Sealed in trust, faith and truth.
(I confirm with my entire being)


Now THAT is some cool shit. That is ancient and true and it does not feel to me like it carries the weight of oppression that the more modern version does. To me, this is a prayer for strength and forgiveness, asking for wisdom and guidance and offering a promise to try. Isn't that what a prayer is supposed to be?

So as part of this exploration thing I am doing, I have begun saying the Lord's Prayer at the end of meetings again. Just to see what it feels like.
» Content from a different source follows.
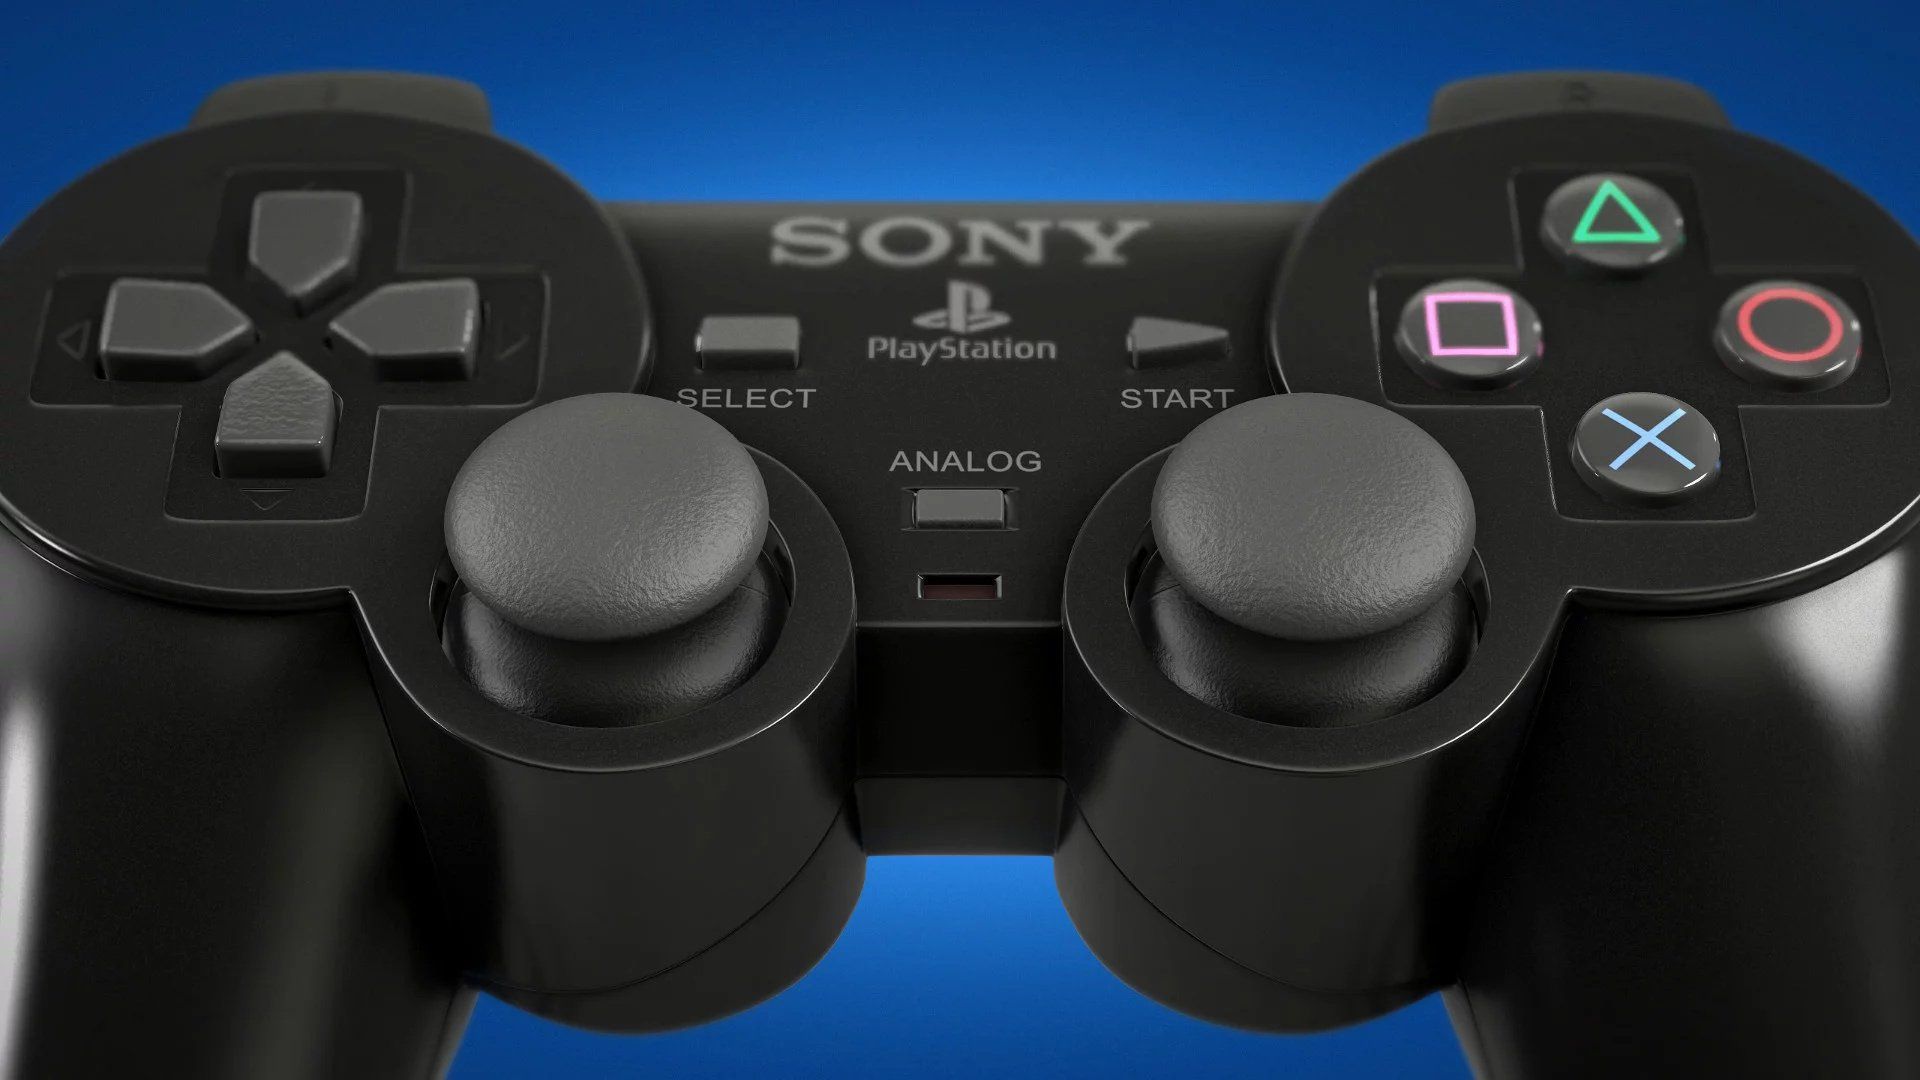 PS3 Messaging System to Be Stripped of PS PS Vita Support

Right now it still feels foreign, kind of, and a little strange. It is familiar, but still not comfortable.

I also need to explain here that being different can be very dangerous for an alcoholic. Every one of us can tell stories about how we thought we were different, that rules applied to others but not us, how we believed that nobody knew or could understand our situation. Terminal uniqueness, we call it, and it is a dangerous trap for us. There is a much longer discussion and explanation of that concept than I have time or space for here today, but trust me, please. Being special and unique is great in the regular world, but in the world of 12-step recovery, we need to divest ourselves of all vestiges of our egos. I am no better or worse than the next drunk sitting in a folding chair and drinking coffee. I am not superior, nor am I inferior. I just am. So, within the halls of my meetings, it is best for me to understand that what worked for others in the program will work for me if I knock away the ego stuff and get down to brass tacks. The names and words of the prayers are window dressing. What matters is that I pray. And what matters is that I not make a big fuss about how different I am. Because when it comes down to it, in those rooms, I am just one more alcoholic looking for another day of sobriety.

Somehow I doubt I'll be able to convince my home group to adopt the transliteration from Aramaic, but I think I might be OK with the King James version eventually, knowing the beauty of the prayer from which it originally came. Perhaps the original is the one I need to try praying on my own, at home, alone, the way I pray. I think I will try that for a while and see how I feel about it.

I'm still not 100% cool with the Lord's Prayer at the end of meetings. I live in a community that is decidedly Hetero- and Judeao-Christian-centric. They know other things exist and do not oppose them, necessarily, but it would fuck with them mightily to try to change their traditions. My home group has been in existence since the 1940s. I doubt that it would accept such a radical departure from what has been its way for so very long.

I think I will print out the version I like best and hang onto that to pray each day and see how it fits. I have no idea what I will write about tomorrow - perhaps I will find a native anti-snow prayer.

Stay tuned.


AndyPants said...

The Christian feel to Alateen meetings is why I stopped attending and part of the reason to why I am so resistant to go to al anon now. But your thoughts are interesting, and something to think about at the very least.

Anonymous said...

The subjugation of your ego in the interest of a clearer understanding of health is laudable. You write well, Dawn, and I always walk away with insight.